You are drinking the usapa kool-aid again. Still not aware that nobody is interested in discussions or resolutions with reneging malcontents who cannot abide by their agreements.
Now you claim ALPA wasn't your union. 🙄
 
You really have lost it breezy. Agreeing with yourself and still wrong - one would have thought that was impossible but you managed it. How about bid 04-01/2/3/4/5/6/7 and 05-01/02/03. All mainline bids effective before the merger, yet not an E170 position nor a MDA pilot awarded anything on any of them.

BTW, do you have a link to the court case where US admitted that MDA was legally mainline? :lol: I bet you were one of those mainline pilots asking "Who are these MDA guys and why are they suing us?" back in 2005.

Tell me Sherlock - if the MDA pilots know that they were really mainline all along, why were they pushing the CoC grievance for selling the MDA airplanes?

Jim

At the time that all these bids were going on, the MDA pilots were being held in limbo, not knowing where they belonged. Regardless of their actions and what took place, the USAir management admitted in the 11th hour that MDA was part of the mainline. there was no court statement, just upper management admitting that they legally were part of mainline.

The aircraft belonged to USAir.....the flights were worked by mainline ground personnel, and all was done under the USAir certificate. MDA was NEVER split off as a separate ops!!!

CoC grievance was launched before management's statement that they were in fact mainline.

breeze
 
You are looking at it in flashback (no surprise there). MDA was never intended to be mainline and never was mainline and the pilots were never entitled to be placed in line with active mainline pilots. I watched this entire situation play out very closely. USAirway's intent was to shed airframes in the wake of Metrojet debacle (they were mainline, perhaps you have them confused) not add them.

Nicolau got it as close to right as you could, given the constraints he had to work within.

Regardless of the intentions for MDA, they were, in the final hour proclaimed to be mainline by USAir management.

You may have watched this while salivating, but the bottom line is that they deserved a mainline number just because they worked for the mainline at USAirways, due to the management statement.

Again, it is your opinion as to what USAir's intent was......YOU OPINION DOESN'T MATTER HERE!

breeze
 
You stupid clown, you put a gun to our head and expect us to "discuss a resolution" while holding said gun to our collective temples? You clowns messed with the wrong people, you have been lucky so far (larger numbers, 9th, tempe collusion) but that won't hold forever.

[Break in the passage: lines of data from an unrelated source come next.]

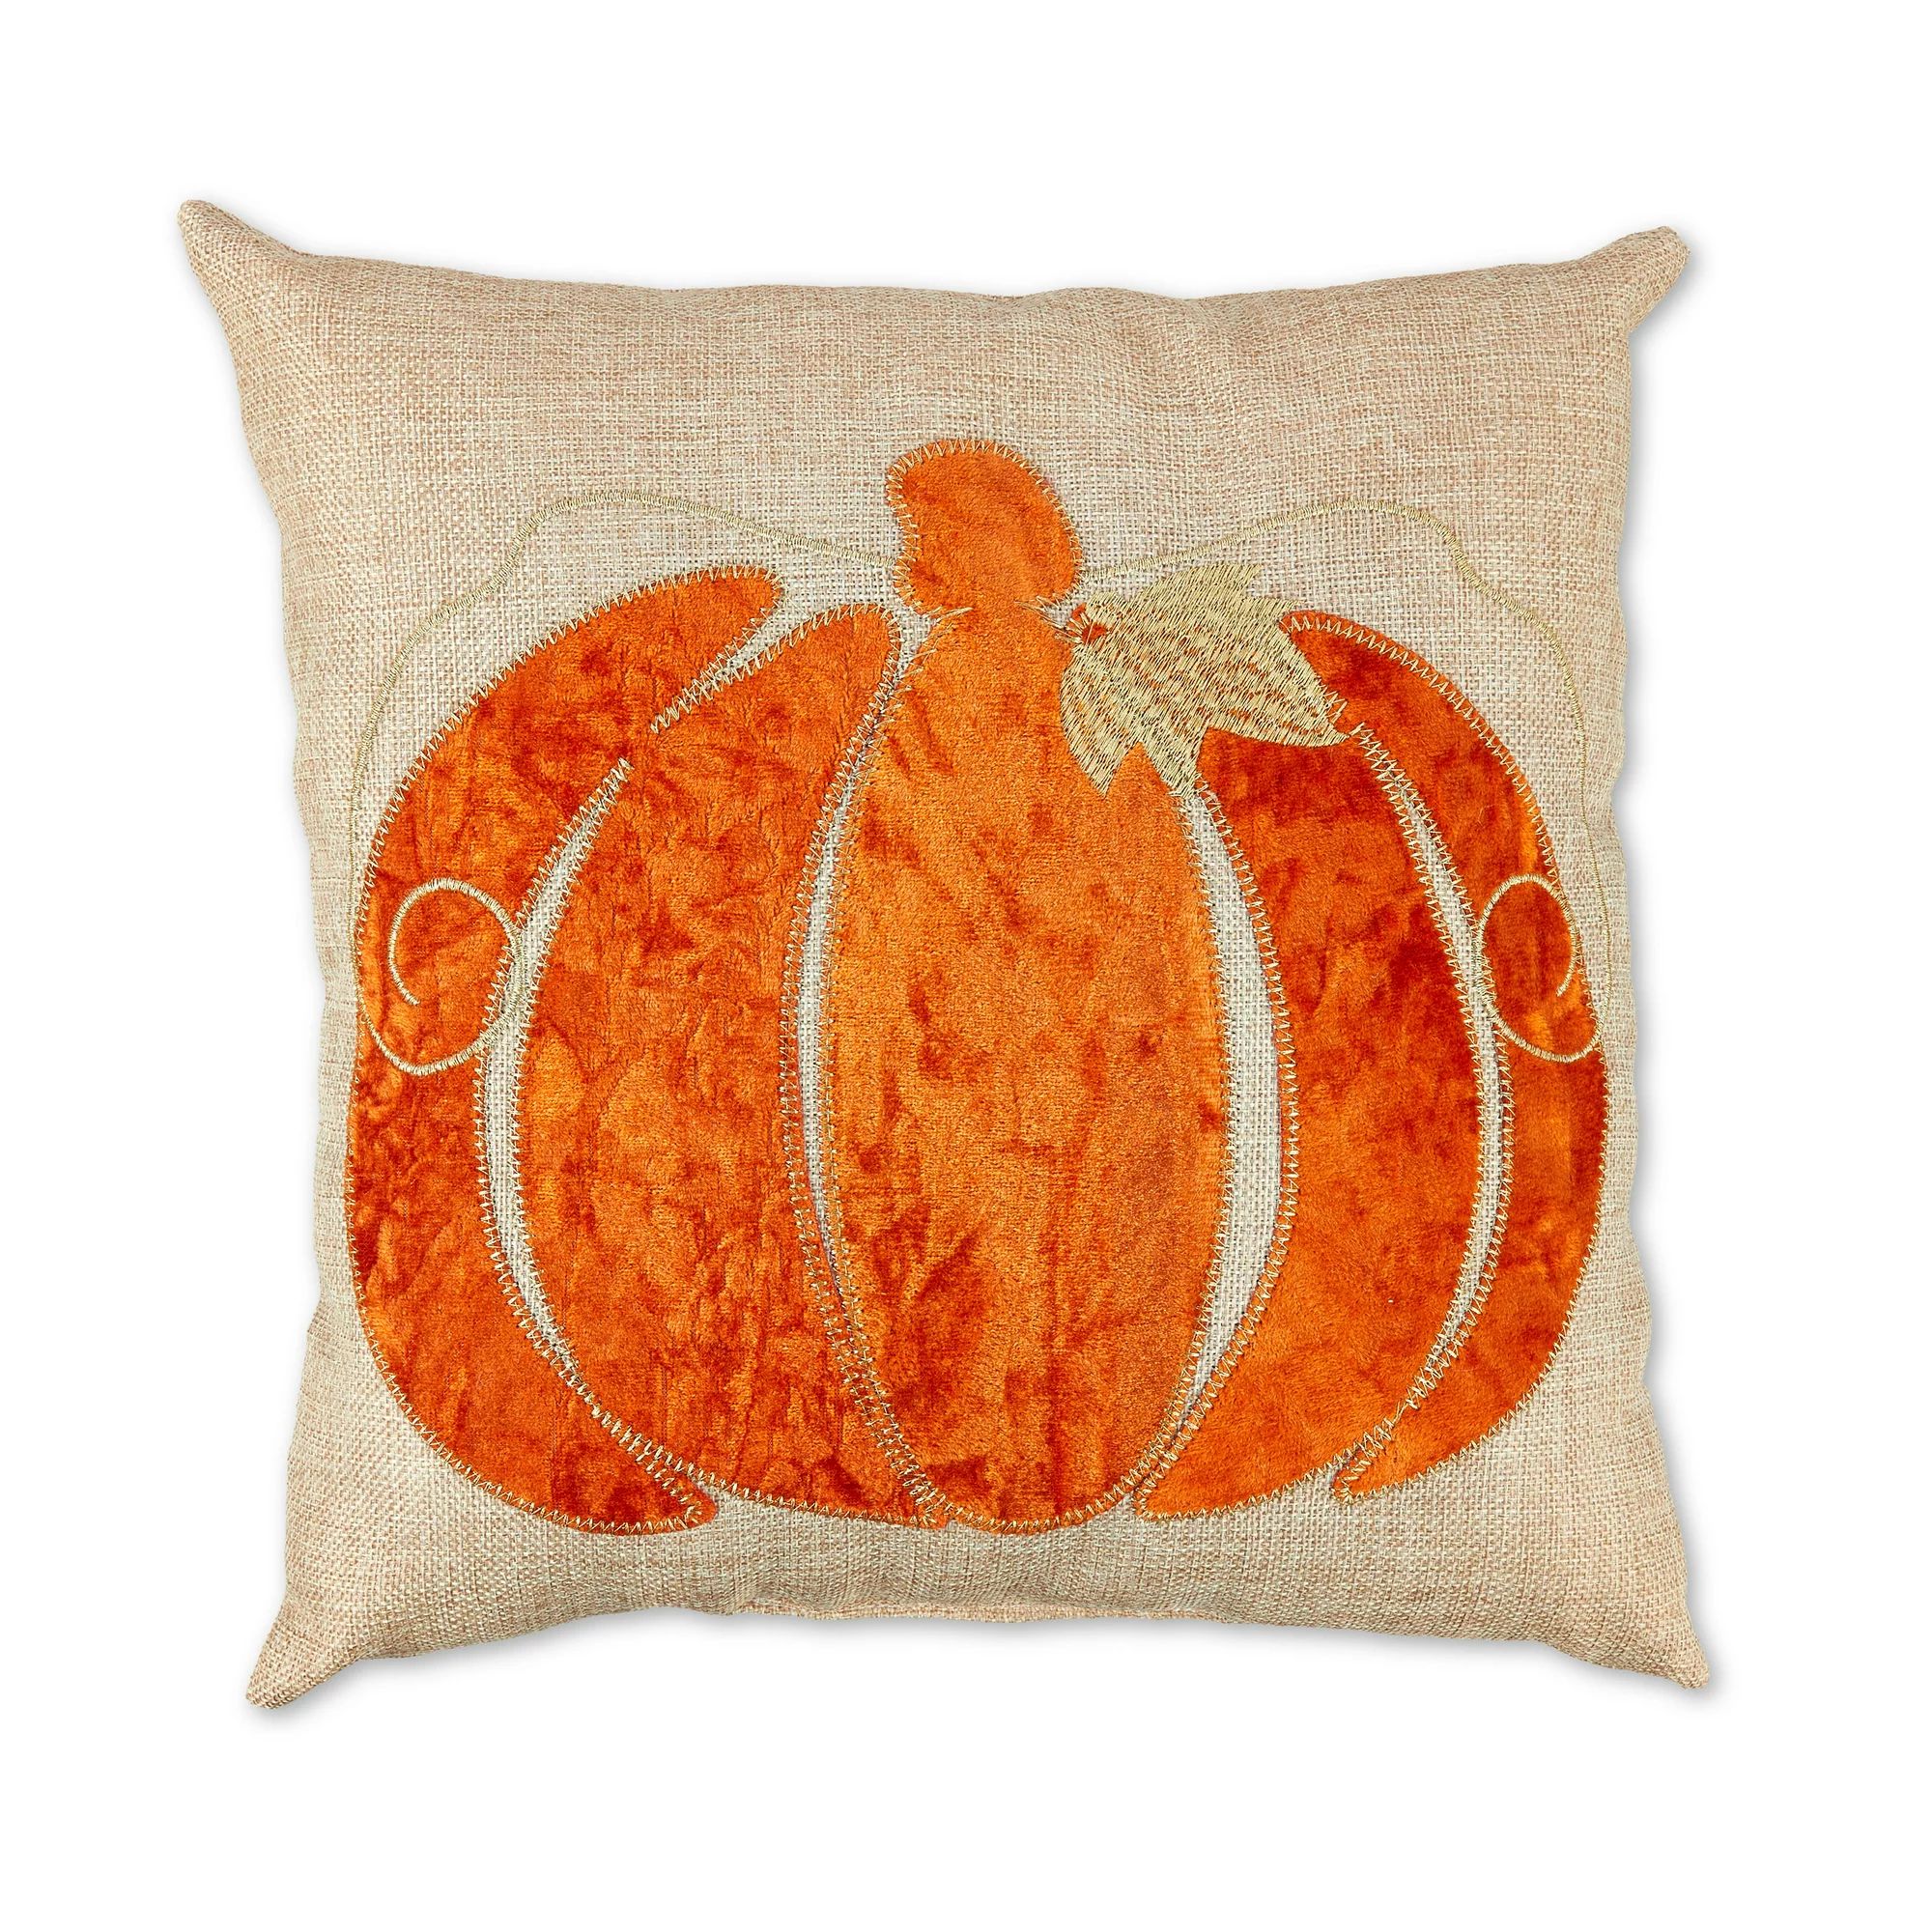 Harvest 13 in Orange Pumpkin Decorative Pillow, Way to Celebrate! | Walmart (US)
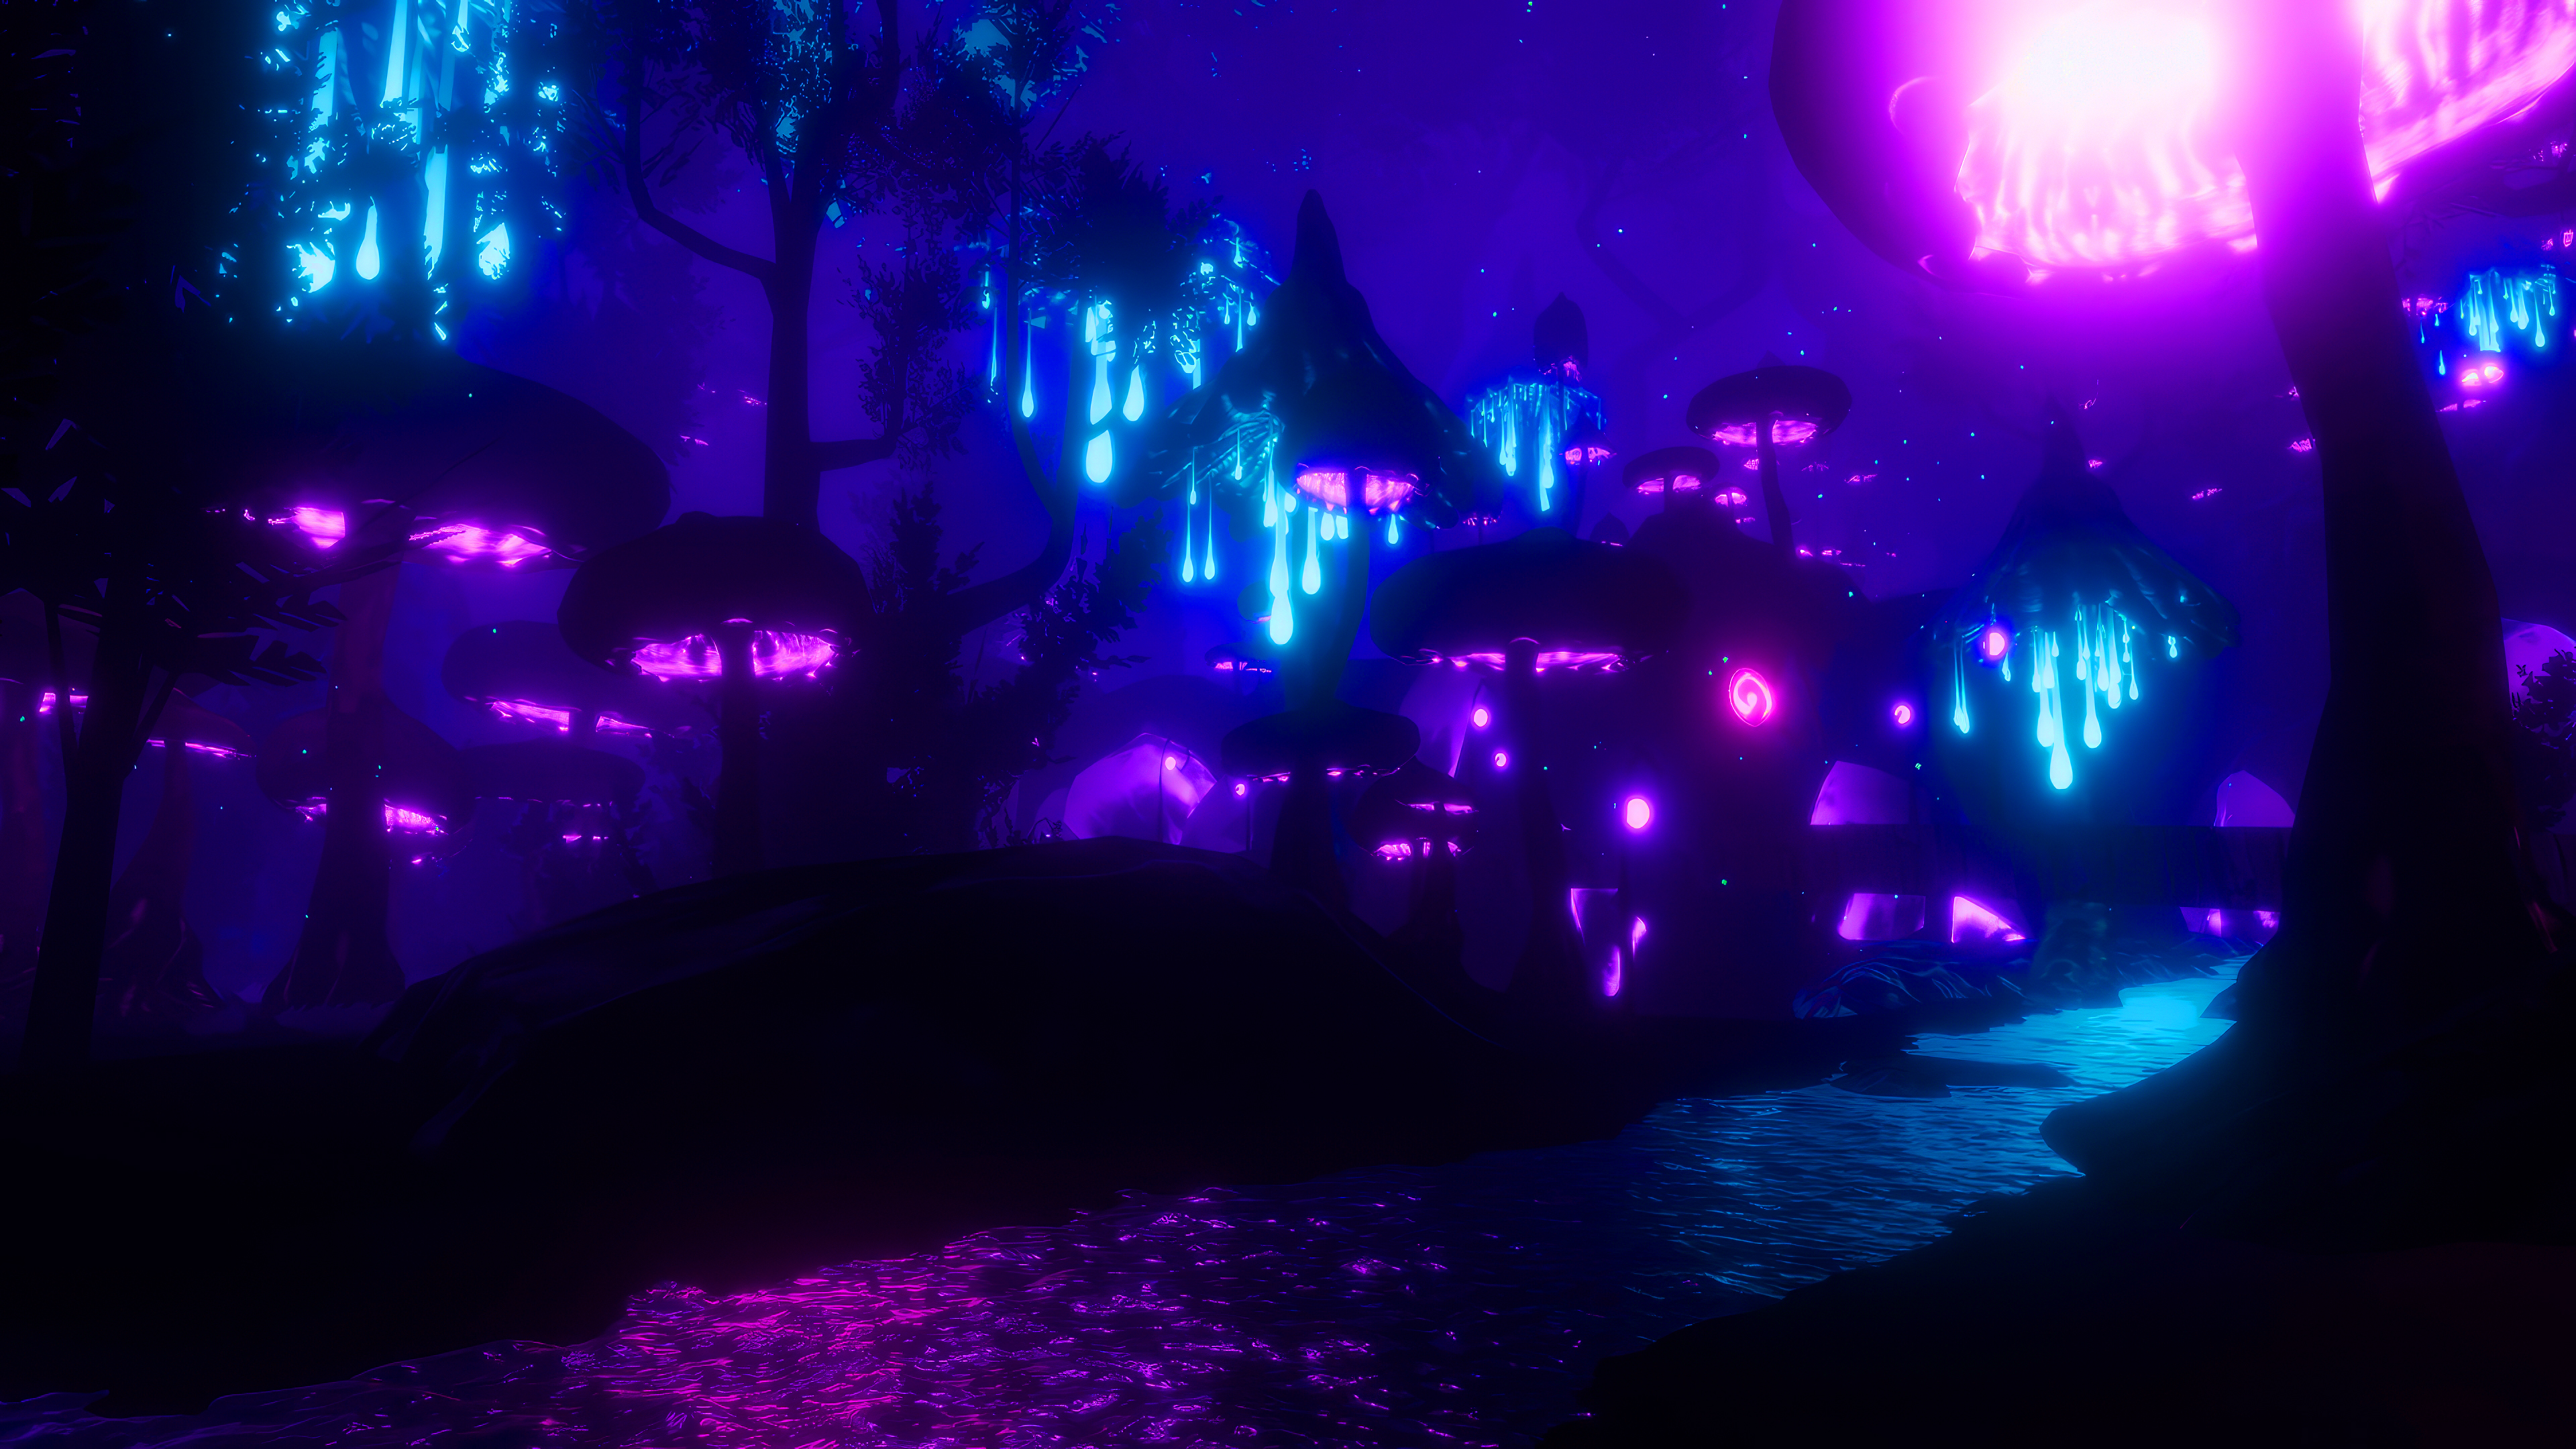 General 3840x2160 mushroom night fantasy art water blue purple neon bright turquoise sea video game art
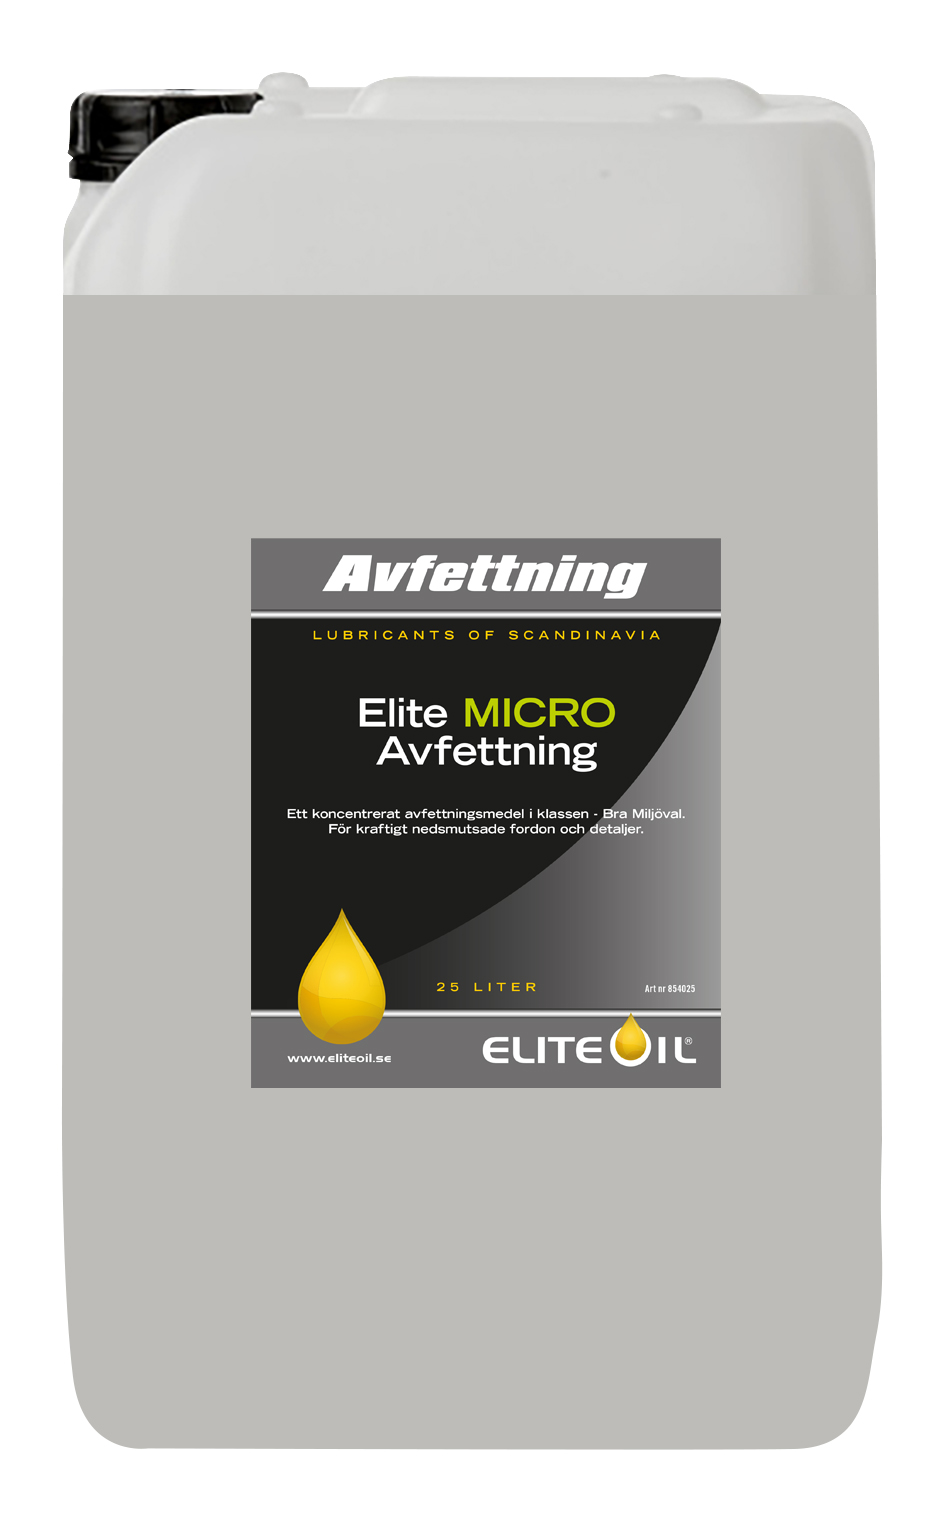 Elite Micro Avfettning, 25 liter dunk-image

The steam coming out of your ears is quaint, even if it does make you irrational. ALPA tried to get you to discuss a resolution. They didn't put a gun to your head, but yes, they were stupid clowns. :lol:
 
there was no court statement, just upper management admitting that they legally were part of mainline.
So there wasn't any "legal admission" since there was no court ruling. Got it. Wonder why Glass said that MDA didn't exist, that it was mainline? It wouldn't be to win a grievance, would it?

Ya know, as of a certain event I agree with you but you haven't mentioned that event yet. Are you on the USAPA legal team, perhaps?

Besides, all that matters at this point is this - both sides agreed to binding arbitration and the arbitrator ruled. It really is that simple...

Jim

ps - did I miss your mea culpa for claiming everything was such a rush-rush that there were no bids during MDA's existence?